The study will further employ creative quantitative methods to explore the impact of these policies on parental mental health and the self-reported wellbeing of children in affected families, while also following a small number of families in Bradford and London as they navigate and cope with the consequences of the changed policy context. It will explore how affected families cope with and respond to the reduced financial support the policies introduce, as well as looking at how these changes interact with other welfare reforms, most notably the introduction of Universal Credit.
The study will also include participatory elements, working with members of larger families living in poverty to discuss policy recommendations and explore the data generated. The Child Poverty Action Group will be supporting the project throughout to help engage policymakers and to widely disseminate findings.

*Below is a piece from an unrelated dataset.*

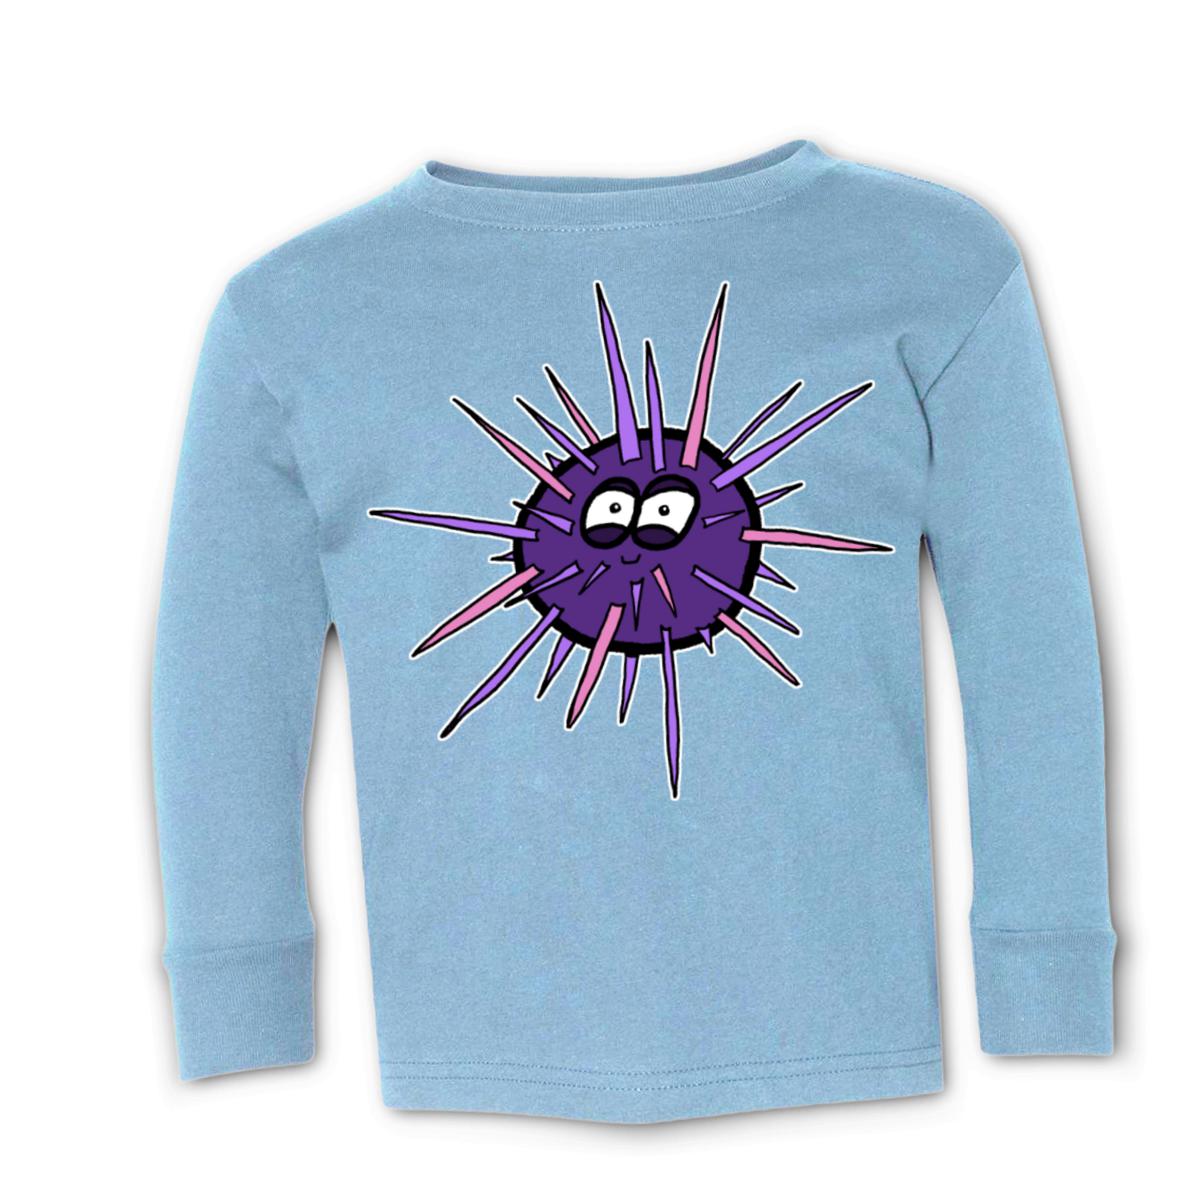 Sea Urchin Toddler Long Sleeve Tee 4T light-blue
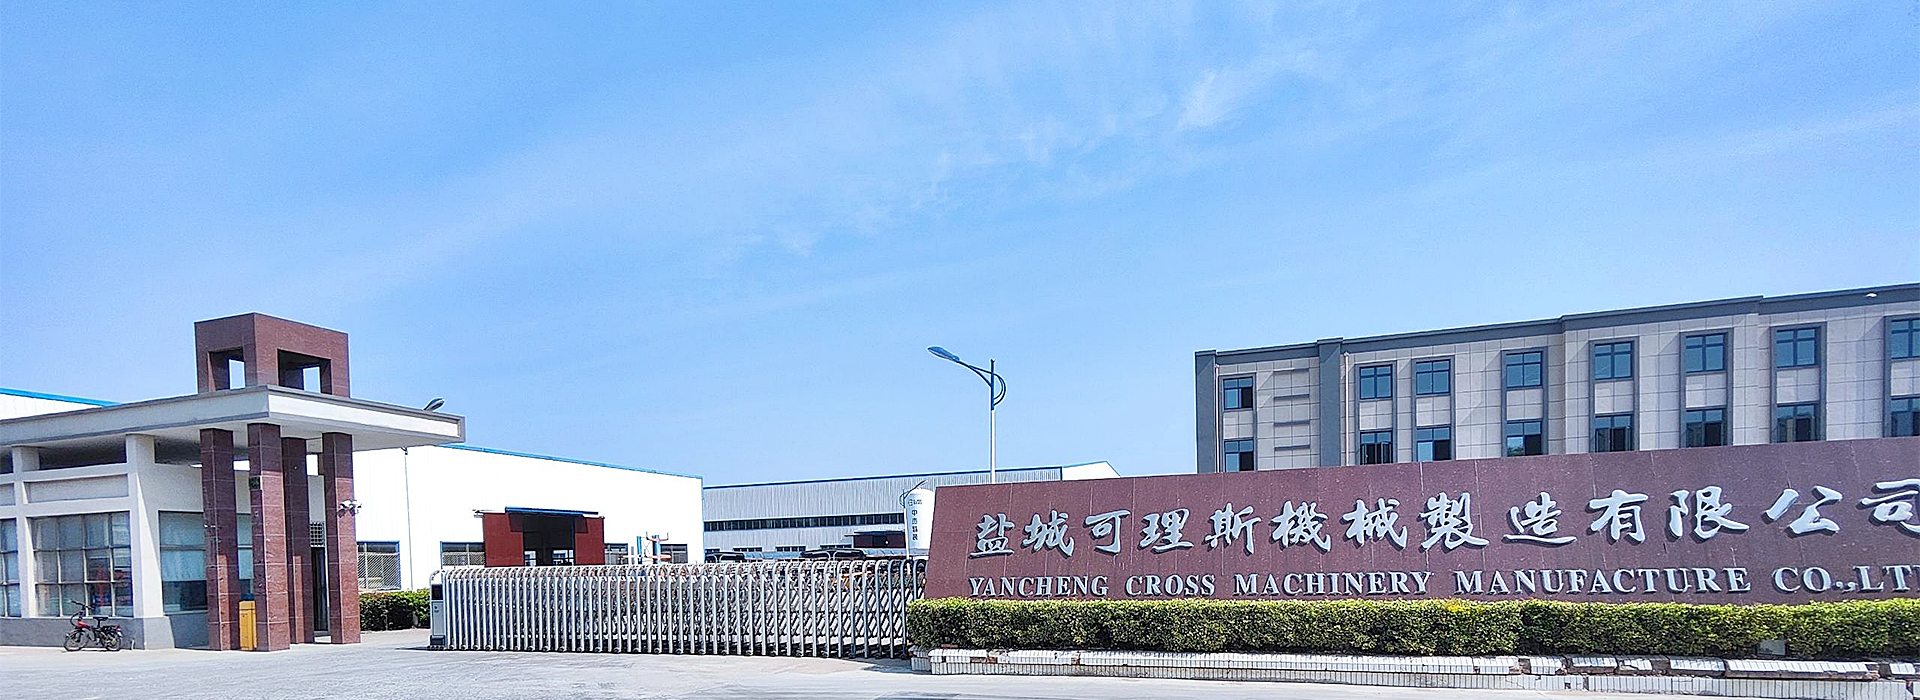 Yancheng Cross machinery manufacture Co., Ltd

This year is a fitting one to start research into the impact of benefit changes on larger families. Over twenty years ago, in 1999, then Prime Minister Tony Blair made the commitment to abolish child poverty by 2020. This pledge changed the nature of the debate on poverty, leading to an apparent cross-party consensus on the issue: in 2006 David Cameron promised that his Conservative Party would recognise and act on relative poverty.
Child poverty rates however remain high, and are expected to grow further as reforms introduced by the 2015 to 2020 Conservative governments take full effect, which look to penalise larger families and disproportionately affect single parent households and particular religious and ethnic groups. However, the policies are thought to be popular with the electorate, and politicians defend their introduction by drawing on a narrative of ‘fairness’.
The project, which will be conducted over the next two and a half years, starts in February 2020.